The relative explanation of variance for each PC is listed below in the order of the PCs. So PC1 explains 0.357140538 of the total variance in the data, and PC2 explains 0.252811901 of the variance. This means that the first two PCs explain a cumulative 60.99% of the total variance in college admission data given the predictors in this dataset.

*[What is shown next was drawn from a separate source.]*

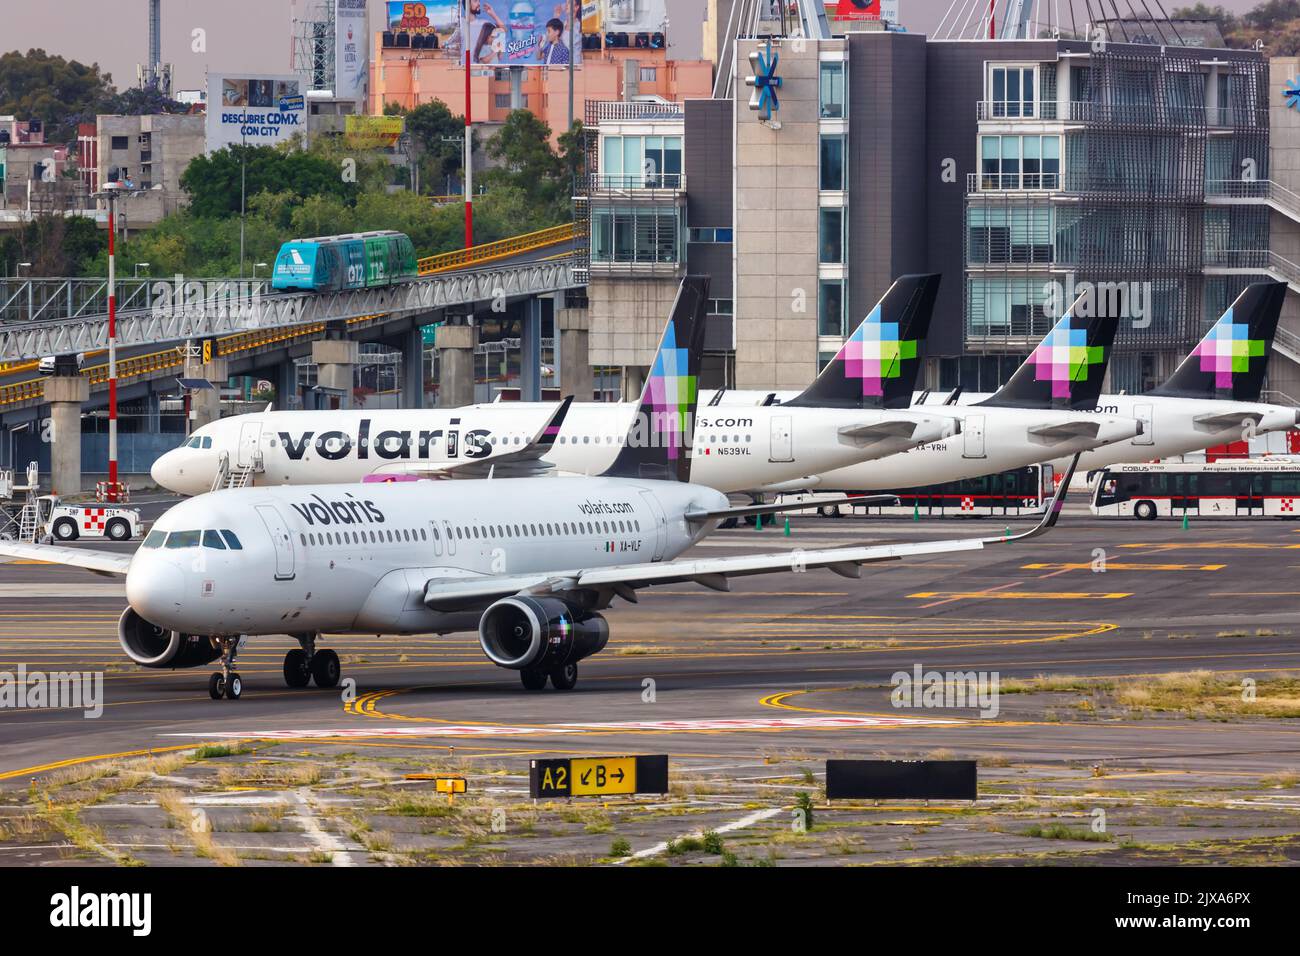 Mexico City, Mexico - April 14, 2022: Volaris Airbus A320 airplanes at Mexico City airport (MEX) in Mexico. Stock Photo

#calculate total variance explained by each principal component
results$sdev^2 / sum(results$sdev^2)

##  [1] 0.357140538 0.252811901 0.124284785 0.107002164 0.061211599 0.043576857
##  [7] 0.028453637 0.018722855 0.005118028 0.001677635

#calculate total variance explained by each principal component
var_explained = results$sdev^2 / sum(results$sdev^2)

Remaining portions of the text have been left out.